Я отвез заявление в Институт имени Склифосовского и вскоре поехал в отпуск в городок Шумерля, в Чувашской Республике. Там, в летнем дощатом домике на самом берегу реки Суры, отдыхали мои родители с нашим сыном (Ирина писала диссертацию и ехать не могла). В Шумерле работал хирургом доктор Петр Кулаков, ученик моего отца и хороший друг всей нашей семьи. Он и построил для отца тот летний домик у реки. Красивый и тихий приток Волги, Сура была единственной рекой, в которой еще водились остатки редкой рыбы стерляди. Ловить стерлядь было запрещено, но Кулаков, главный врач больницы, был бог и царь тех мест — законов для него не было.

Нарыбачив полдюжины стерлядей и сварив их, мы с ним сидели у костра на берегу, пили водку, хлебали деревянными ложками пахнувшую дымком жирную уху, и я рассказывал ему о предложении работать главным специалистом.

— Вот это здорово! — восклицал Петя.

— Здорово-то здорово, да только не получится.

— Почему?

— Потому что я беспартийный.

— А вступить не хочешь?

— Нет. Жалко, конечно, упускать такую возможность. Надеюсь найти что-нибудь другое, хотя беспартийному это трудно. Ну, давай выпьем за твою награду.

Кулакова недавно наградили орденом Трудового Красного Знамени.

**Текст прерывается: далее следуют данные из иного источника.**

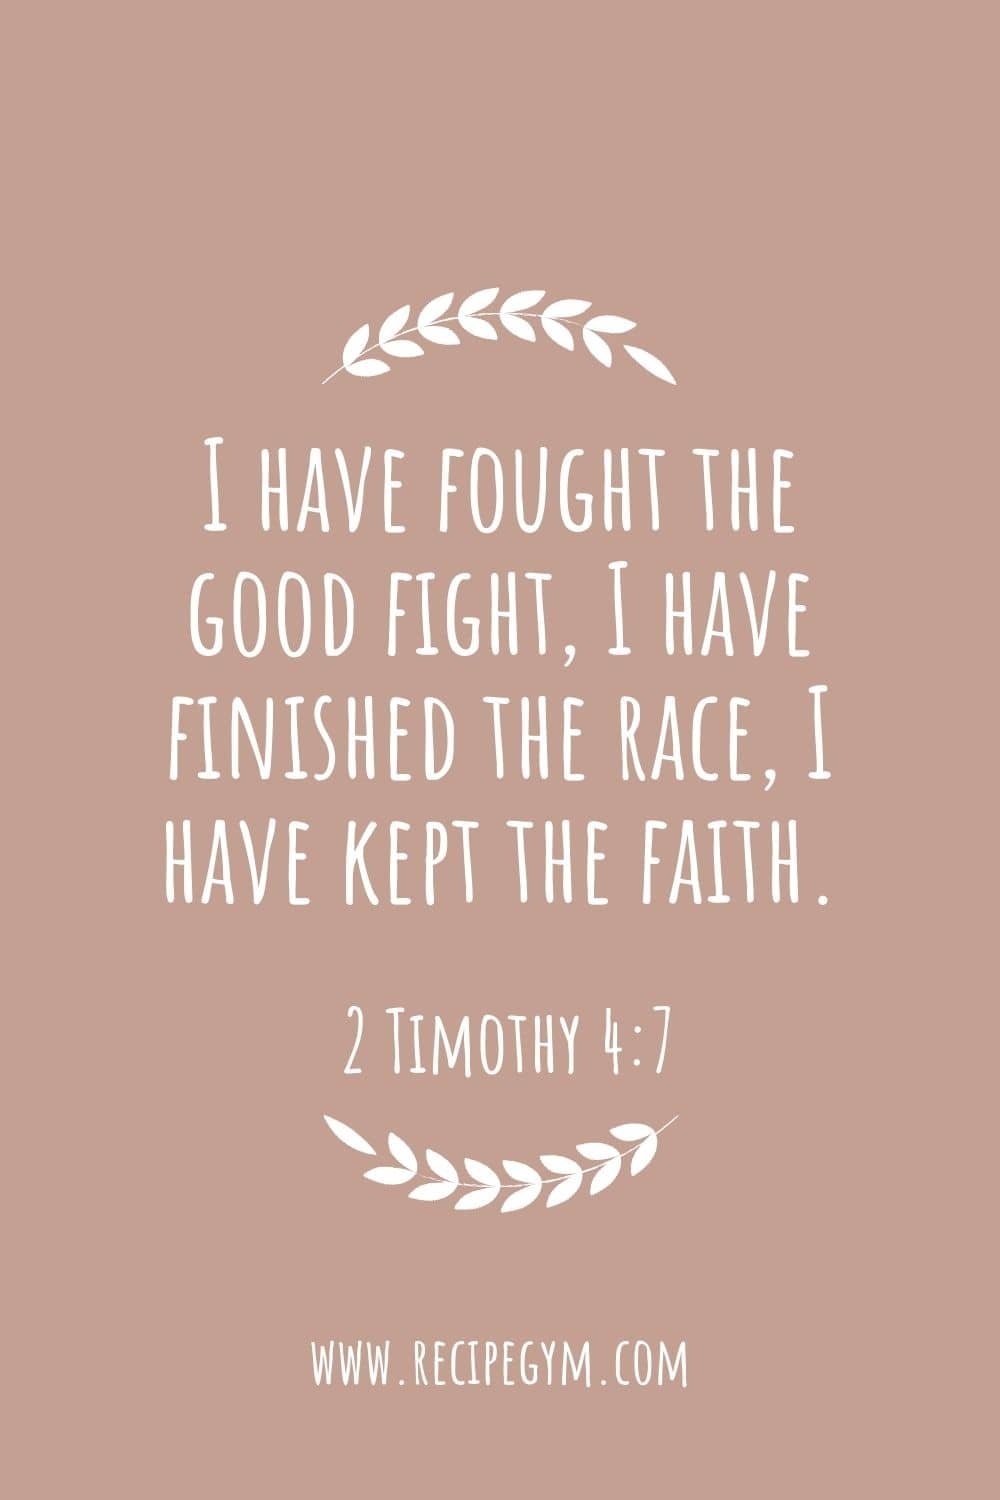 3R I have fought the good fight I have finished the race I have kept the faith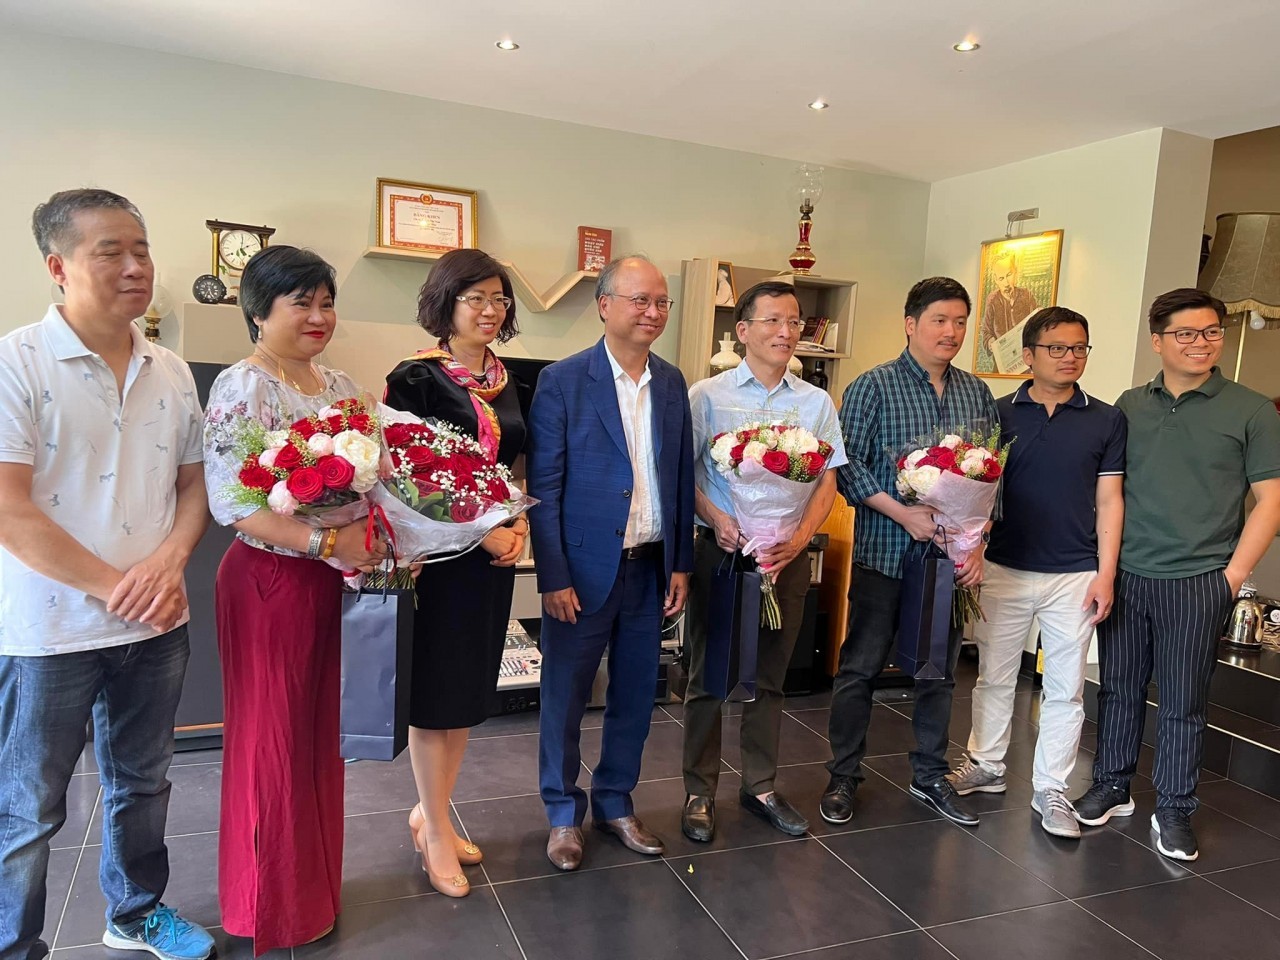 Vietnamese Ambassador to France Dinh Toan Thang and Ambassador - Head of the Permanent Delegation of Vietnam to UNESCO Le Thi Hong Van (3rd and 4th from left) congratulate the Vietnamese resident reporters in France. Photo: Embassy of Vietnam in France

— А знаешь, за что меня наградили — за вранье. Я тебе расскажу. Когда меня назначили главным врачом, в конце отчетного года я составил годовой отчет по больнице. Написал по инструкции все как было — сколько больных поступили, сколько умерли, какие осложнения, какие инфекции — все по бумагам. Даже учебник статистики для этого прочитал. Отвез я свой отчет в министерство республики, в Чебоксары. Министр наш — мой приятель, учились вместе. Через неделю он вызывает меня обратно: ты что, кричит на меня, мать твою перемать, написал такое? Я удивился: написал, говорю, все как было, по инструкции, что на самом деле происходило, это, говорю, статистика. А он на меня кричит: тебя кто просил написать, что на самом деле происходило, такую, кричит, мать-перемать, статистику? Да ты знаешь, что обком партии все отчеты проверяет, прежде чем в Москву отослать? Из-за такой статистики и мне, и тебе влепят по партийному выговору, а потом нас обоих еще и выгонят. Вот тебе, говорит, твой отчет обратно, все цифры перепиши, я, говорит, их карандашом надписал, как надо. Ну что мне было делать — переписал, как он велел. Получил от него благодарность в приказе — за хорошую работу. С тех пор вот уже пять лет я подаю в годовых отчетах только те цифры, которые угодны обкому партии. Получил за это звание «Отличник здравоохранения», а после еще и «Отличник коммунистического труда». А на пятый год вызвали меня в обком партии. Я испугался — сейчас мне влепят за фальшивую статистику. А они, оказывается, поздравлять вызвали — министра, меня и двух других главных врачей наградили орденами. Ну, мы, конечно, обмыли это вместе с партийными боссами в Чебоксарах, как надо. Сам первый секретарь с нами выливал. Мне на том банкете и смешно, и горько сидеть было. Да, брат, от партии у нас никуда не уйдешь. Может, ты и прав, что вступать не хочешь.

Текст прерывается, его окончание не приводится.